The funding will enable research which could deliver world-leading genomic healthcare to patients, which involves the study of people’s DNA. The boost is part of a new three-year plan to develop, evaluate and roll out new technologies across the health and care system and life sciences sector, bolstering the UK’s position as a life sciences superpower. This includes:
- £105 million to kickstart a world-leading research study, led by Genomics England in partnership with the NHS, to explore the effectiveness of using whole genome sequencing to find and treat rare genetic diseases in newborn babies. For example, rare genetic thyroid hormone conditions, which are not detectable by the routine NHS heel prick test, and can cause developmental and learning difficulties and longer-term health complications without treatment. The study will sequence the genomes of 100,000 babies over the course of the study – which will begin in 2023 - and will gather evidence to consider whether this could be rolled out across the country.
- An initial £26 million to support an innovative cancer programme, led by Genomics England in partnership with the NHS, to evaluate cutting-edge genomic sequencing technology to improve the accuracy and speed of diagnosis for cancer patients and use artificial intelligence to analyse a person’s DNA, alongside other information such as routine scans.
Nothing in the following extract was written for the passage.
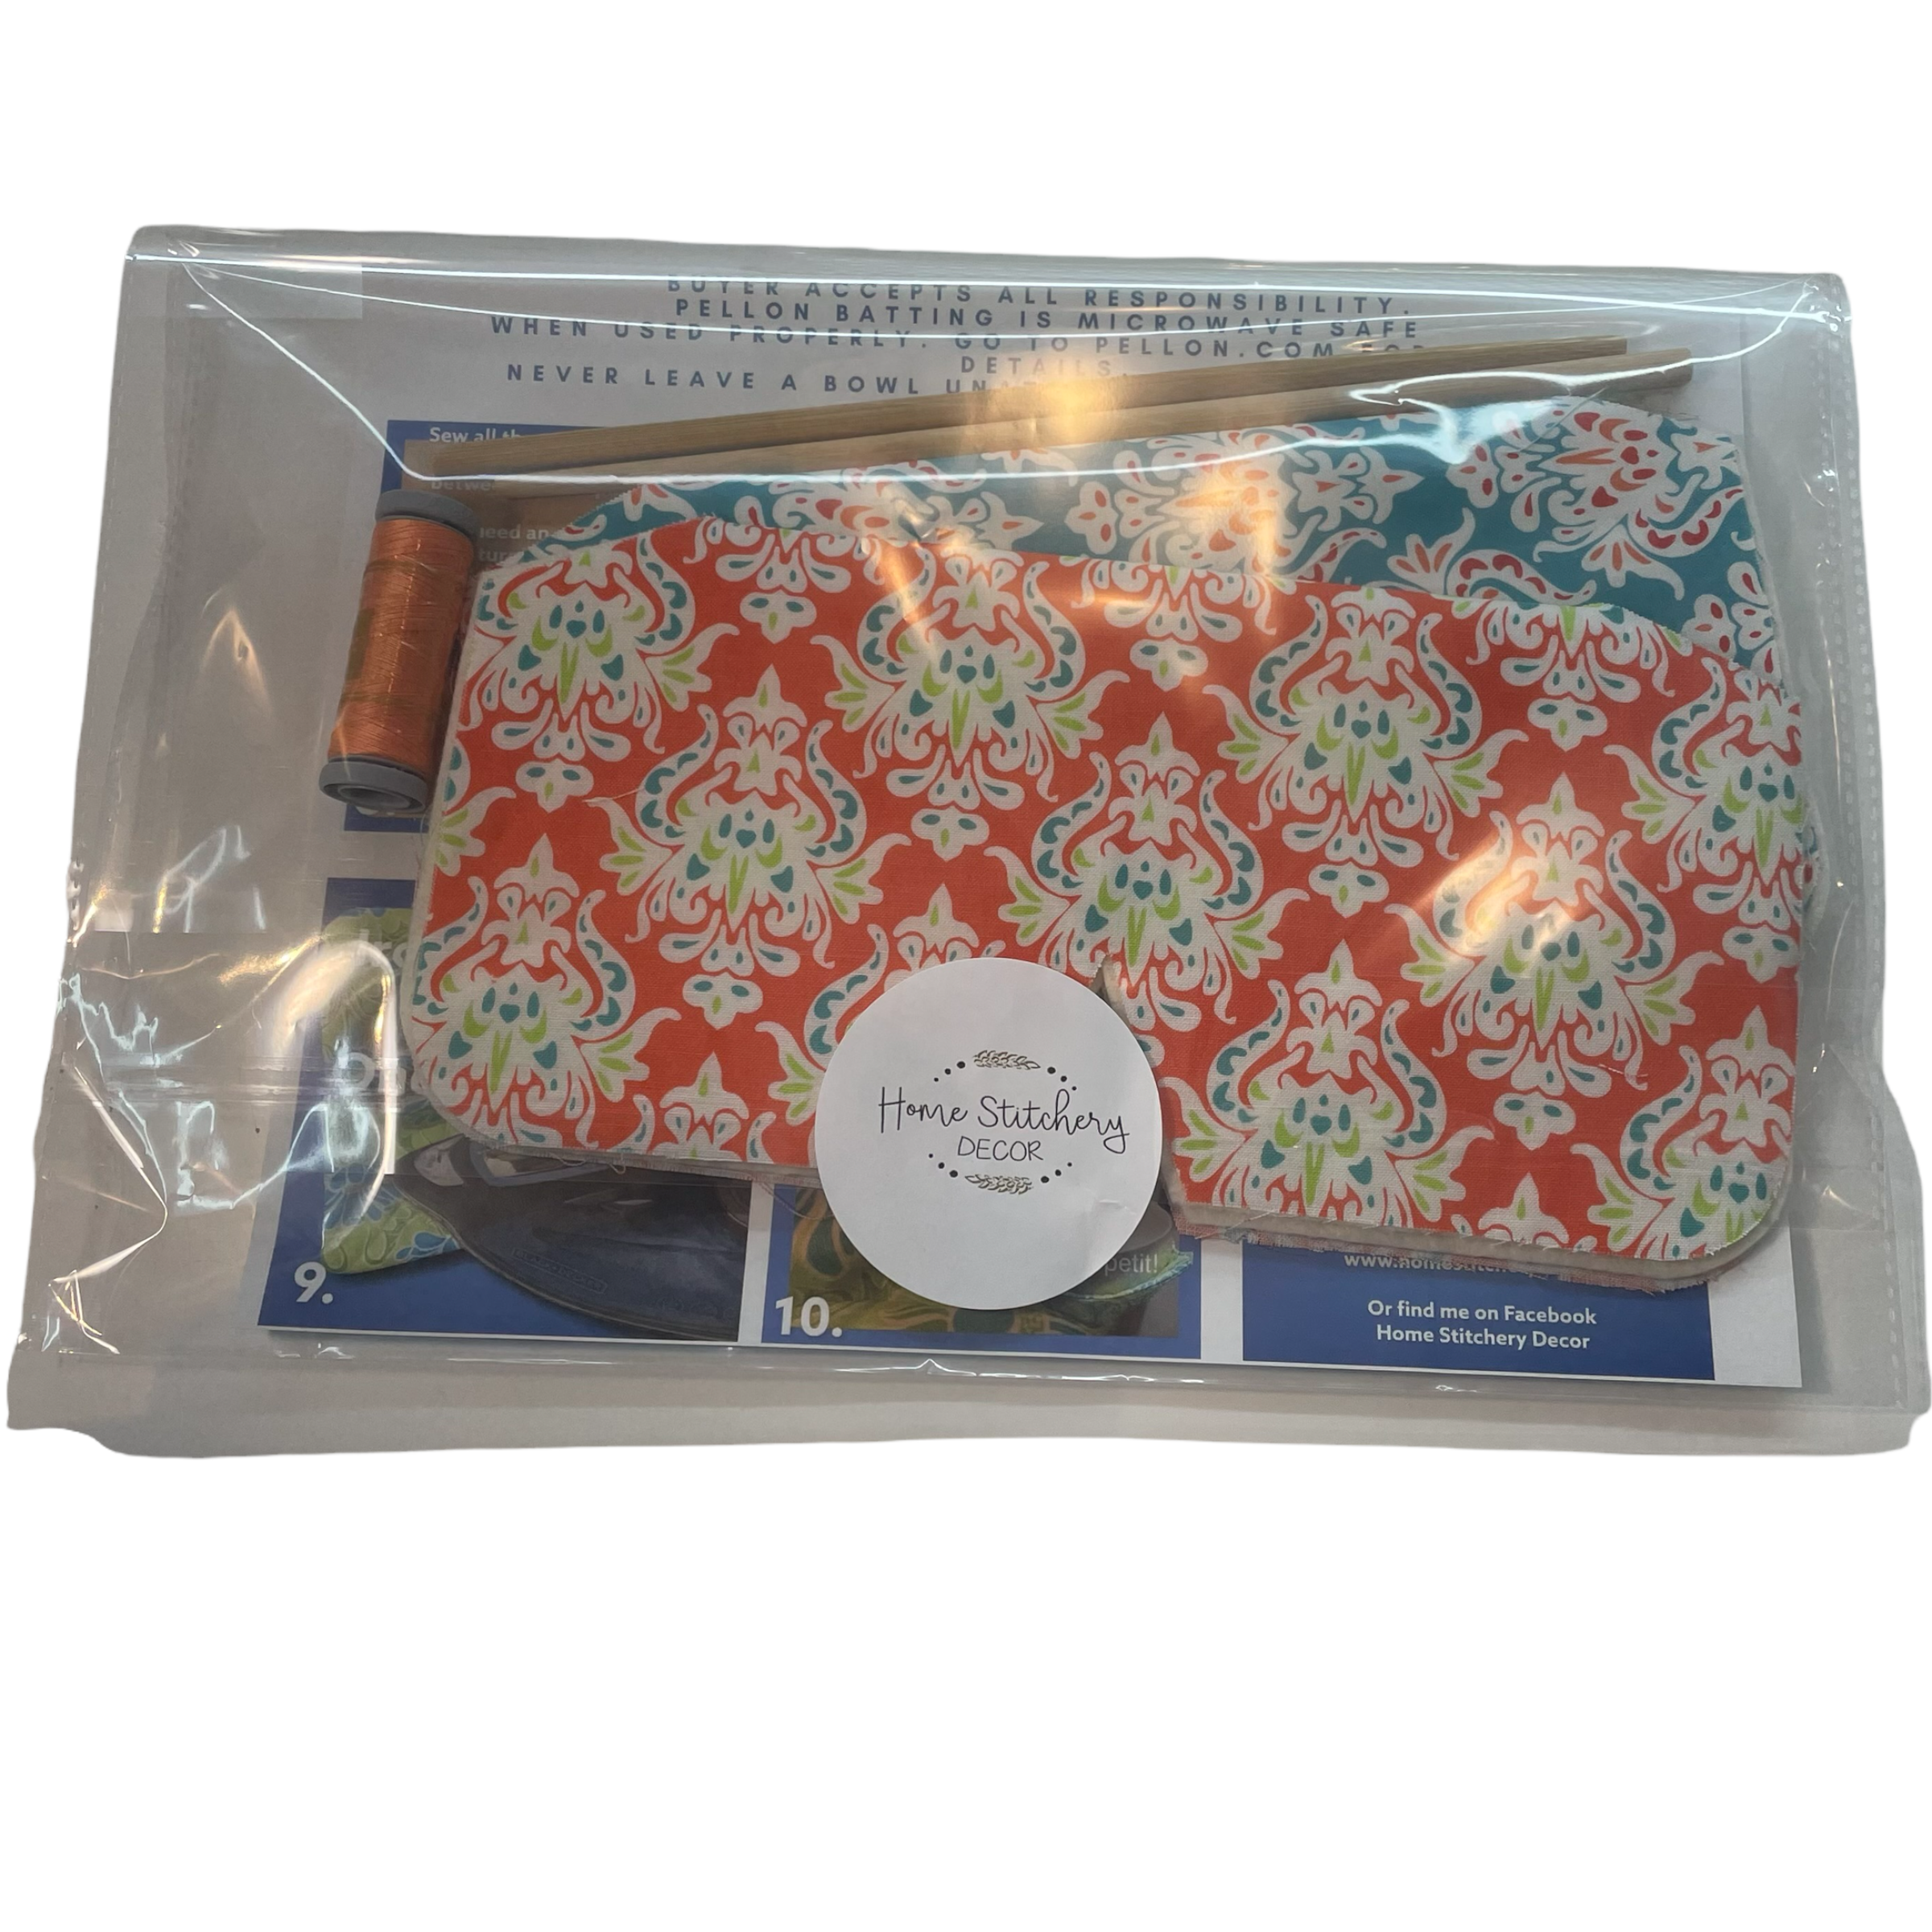 Soup Bowl Cozy Sewing Kit. Easy sewing kit for beginners. Learn to sew –  Home Stitchery Decor

- £22 million for a programme, led by Genomics England, to sequence the genomes of up to 25,000 research participants of non-European ancestry, are currently under-represented in genomic research to improve our understanding of DNA and its impact on health outcomes. This will help reduce health inequalities and level up patient outcomes across all communities.
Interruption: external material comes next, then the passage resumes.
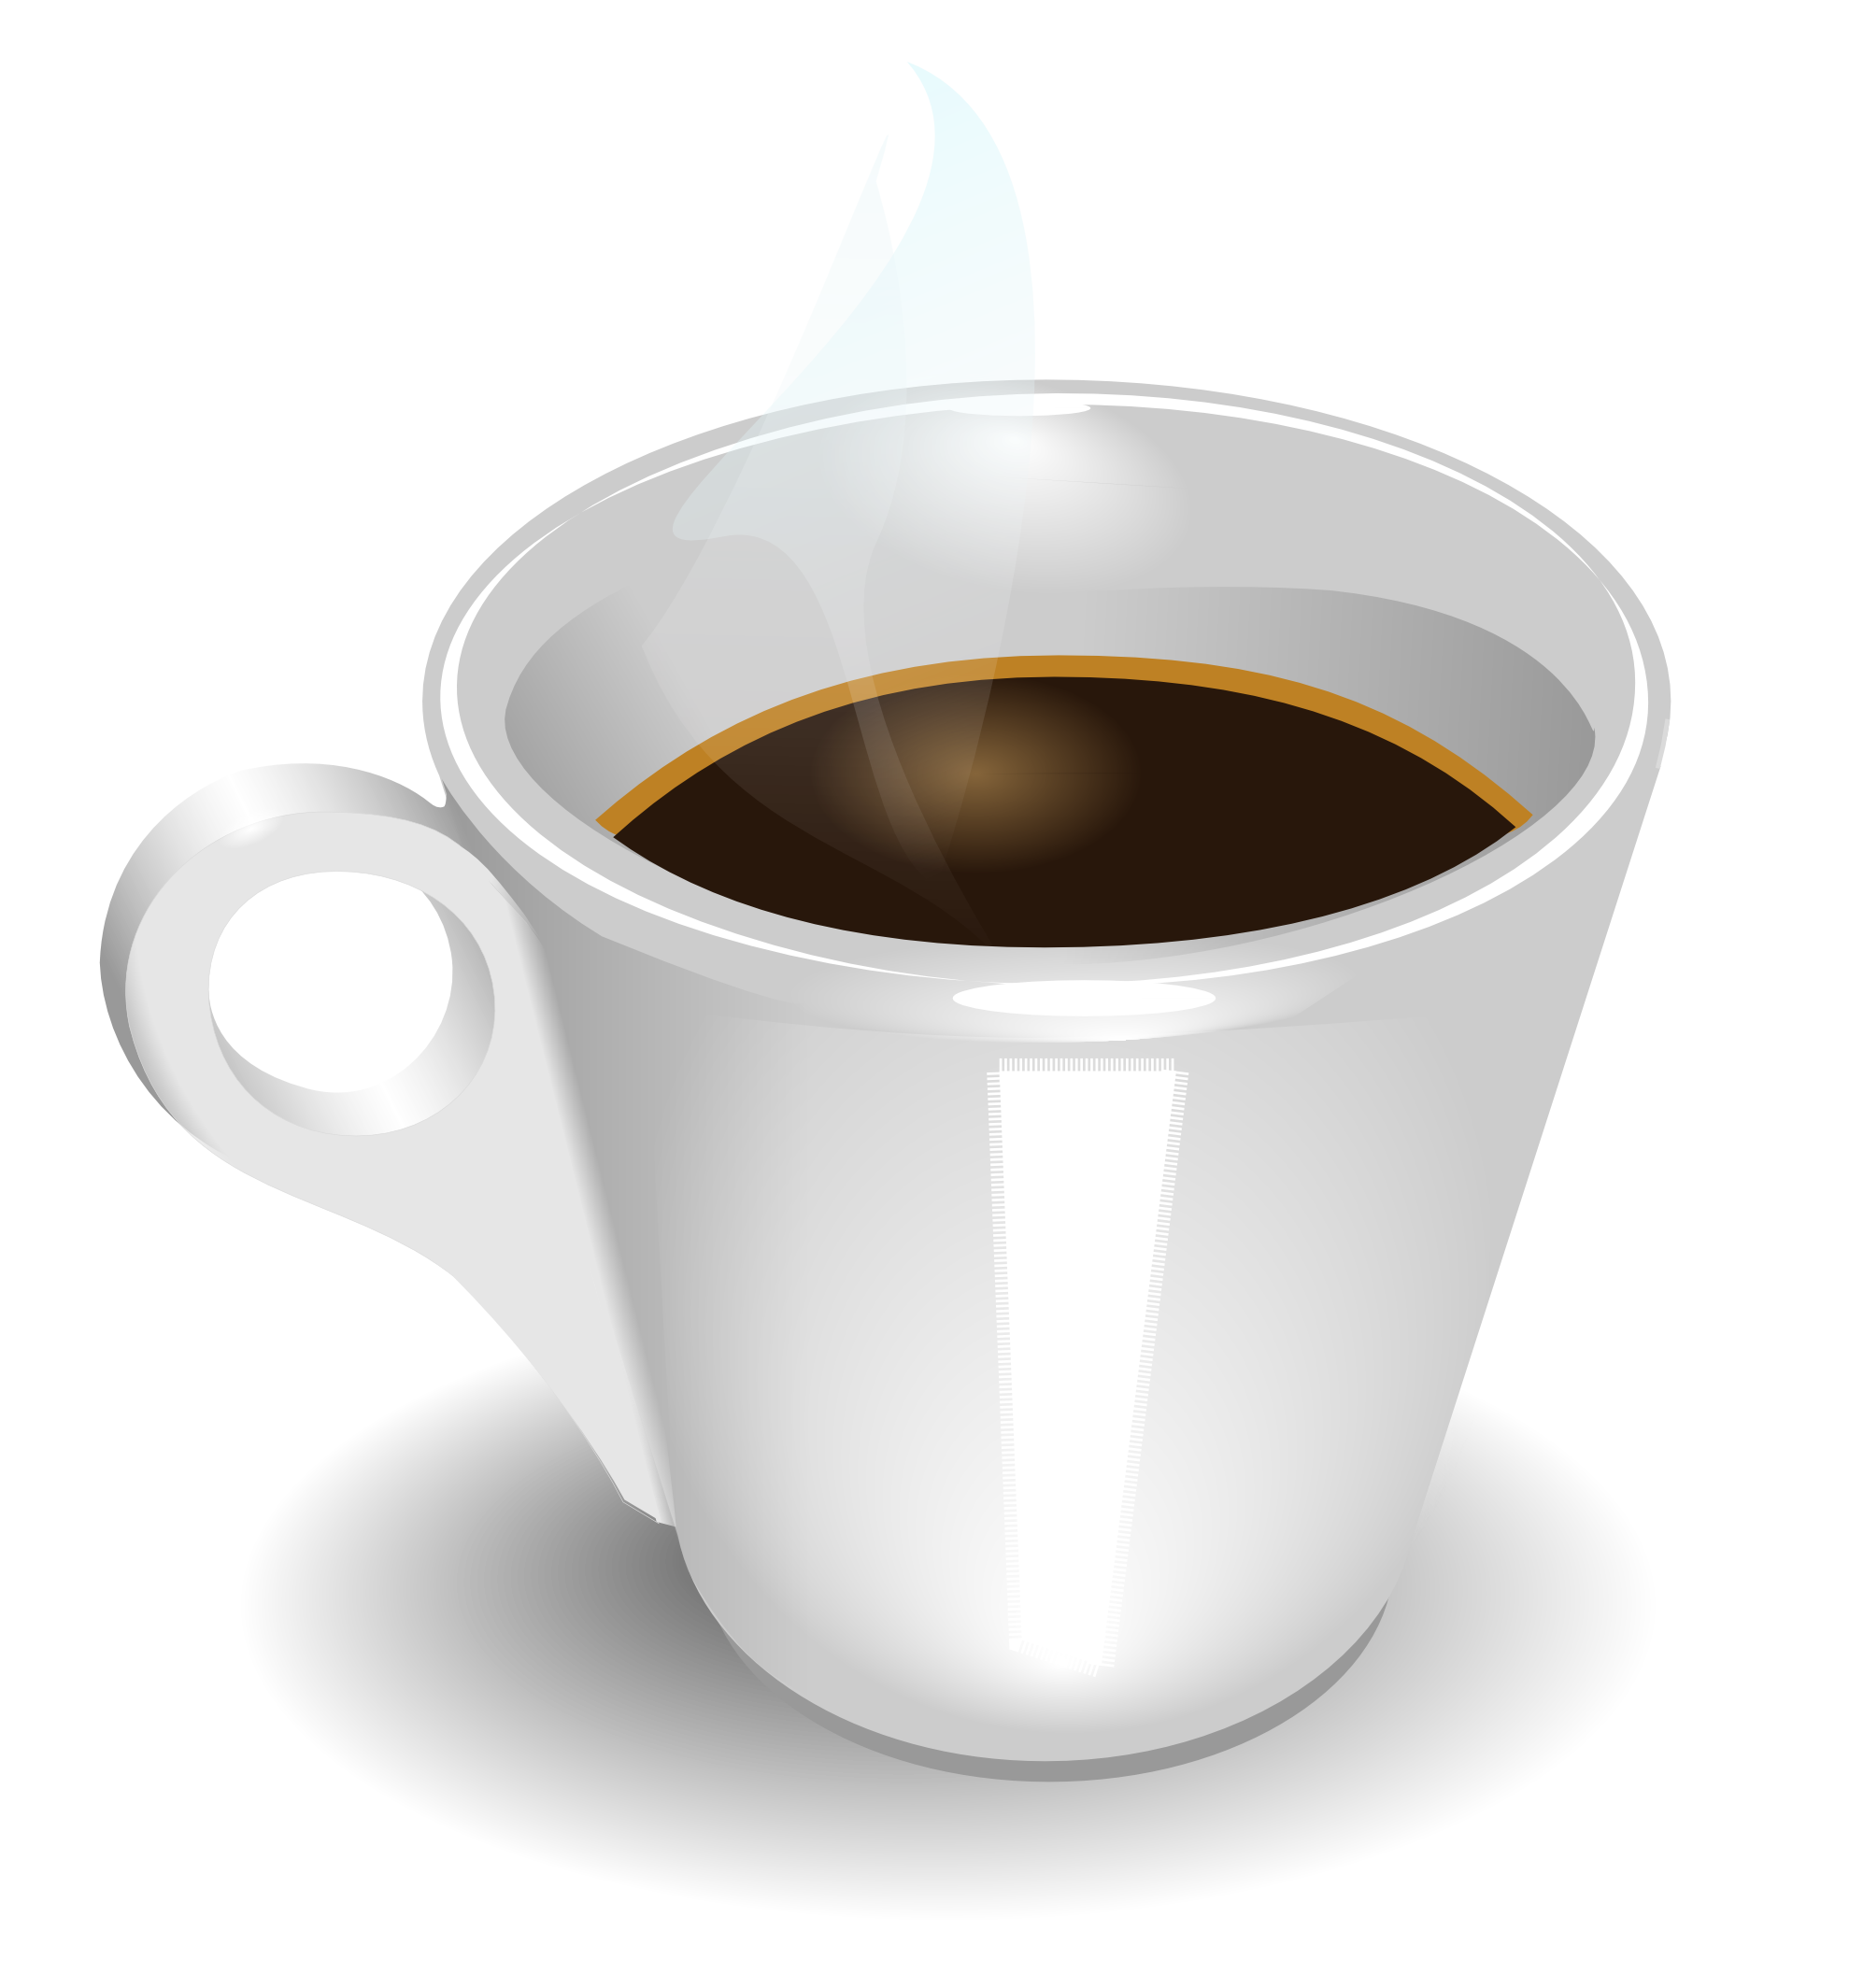 Cup Png Image - Cup Of Coffee, Transparent background PNG HD thumbnail

The government has also announced up to £25 million of UKRI-MRC funding for a UK wide new initiative on functional genomics, an area of genomic research which uses molecular tools such as gene editing to improve understanding of how genetic variation leads to disease and support smarter diagnostics and the discovery of new treatments. The Life Sciences Vision set out in 2021 commits to delivering a world-class offer on functional genomics and the UK is in a strong position to become a leader in this area.
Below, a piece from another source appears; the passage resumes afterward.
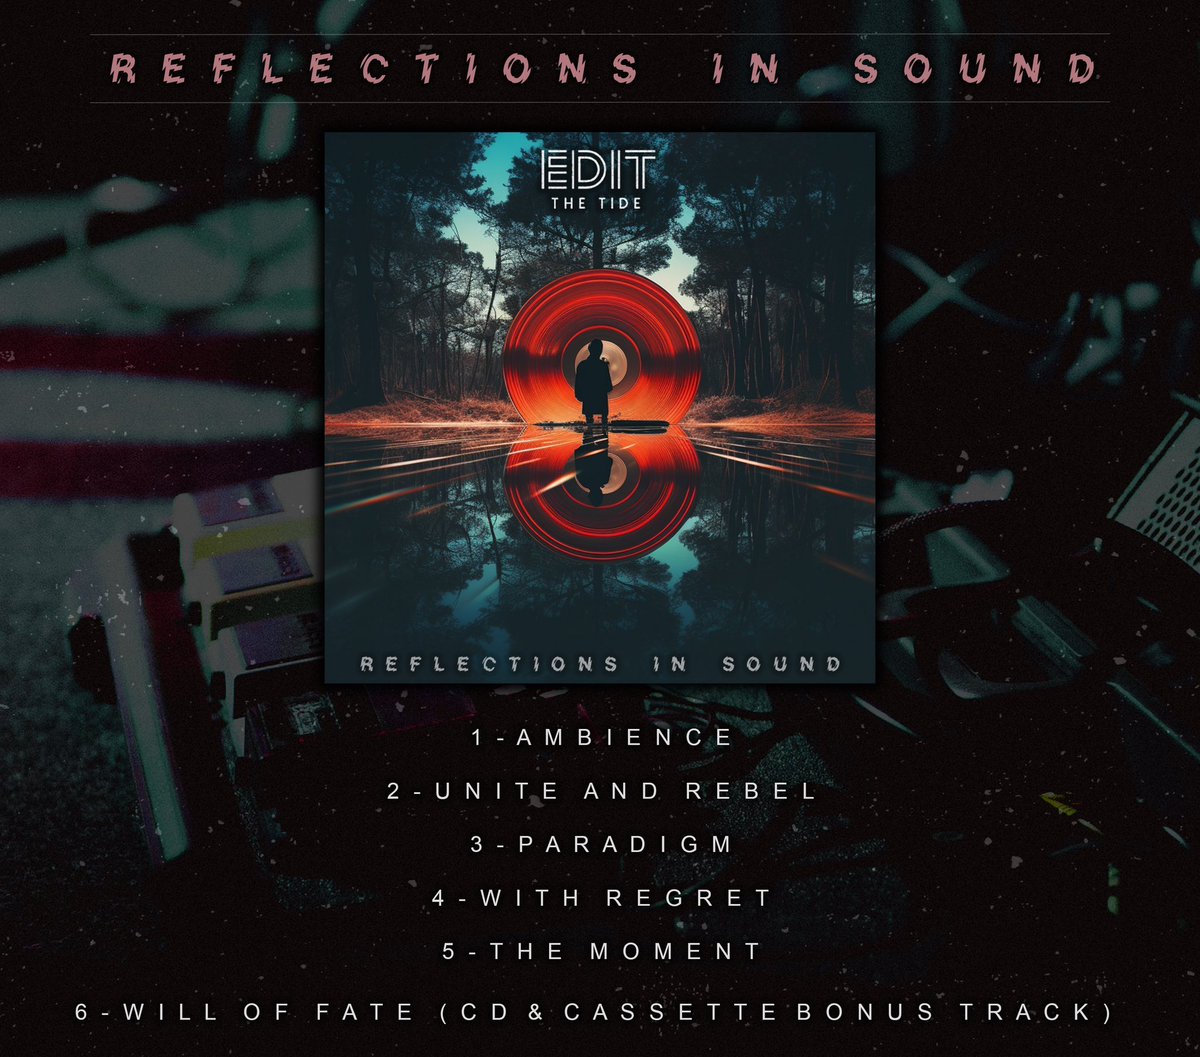 Just over 1 week until we release our Debut EP 🔴 Reflections In Sound 🔴 Here’s the track-listing! 🎧 We are nearly Sold Out of CDs so if you’ve been thinking of picking one up then now’s the time ⏳ editthetide.myshopify.com Once again, thankyou to everyone for your support!

These announcements will build on the world-leading work of the NHS Genomic Medicine Service.
Health and Social Care Secretary Steve Barclay said: “We’ve made advancements in so many areas to improve people’s health – from ensuring ground-breaking new medicines get to patients faster to bolstering the NHS workforce to ensure we have record numbers - and this plan, backed by £175 million, sets out how we will use the latest genomic technology to go further.
“The potential for genomics to revolutionise the way we deliver health care is great – if we can detect treatable illnesses earlier and ensure patients access potentially lifesaving treatment faster, we could improve people’s lives across the county, including thousands of babies through this new pilot.
“The NHS is a world leader in genomics and by investing in this cutting-edge research we’re cementing our status as a life sciences superpower.”
Thousands of children are born in the UK every year with a treatable rare condition that could be detected using genome sequencing. Most rare disorders are genetic and children under the age of five are disproportionately affected. Whilst these conditions are often difficult to identify, genomic testing has already become the main way of providing a diagnosis.
The current NHS heel prick blood test carried out as part of newborn screening is used to detect nine rare but serious health conditions in babies, including sickle cell disease and cystic fibrosis. However, screening a baby’s entire genome – all of their DNA – alongside the current heel prick could detect hundreds more rare, treatable diseases in their first years of life. For many of these illnesses early and effective intervention is crucial for helping these children live healthier lives.
The Newborn Genomes Programme will support vital healthcare research to enable better diagnostics and treatments to be developed and explore the potential benefits of safely and securely storing a patient’s genome on record to help predict, diagnose and treat future illnesses through their lifetime. For example, if a child who has had their genome sequenced falls sick when they are older, such as developing cancer, there may be an opportunity to use their stored genetic information to help diagnose and treat them.
A public consultation by Genomics England has shown overall support for the use of genomics in newborn screening, providing the right safeguards are in place. Genomics England engaged widely with the public, parents, families with rare disease, and healthcare professionals and scientists to navigate the scientific, clinical, ethical, and societal issues that newborn genome sequencing presents.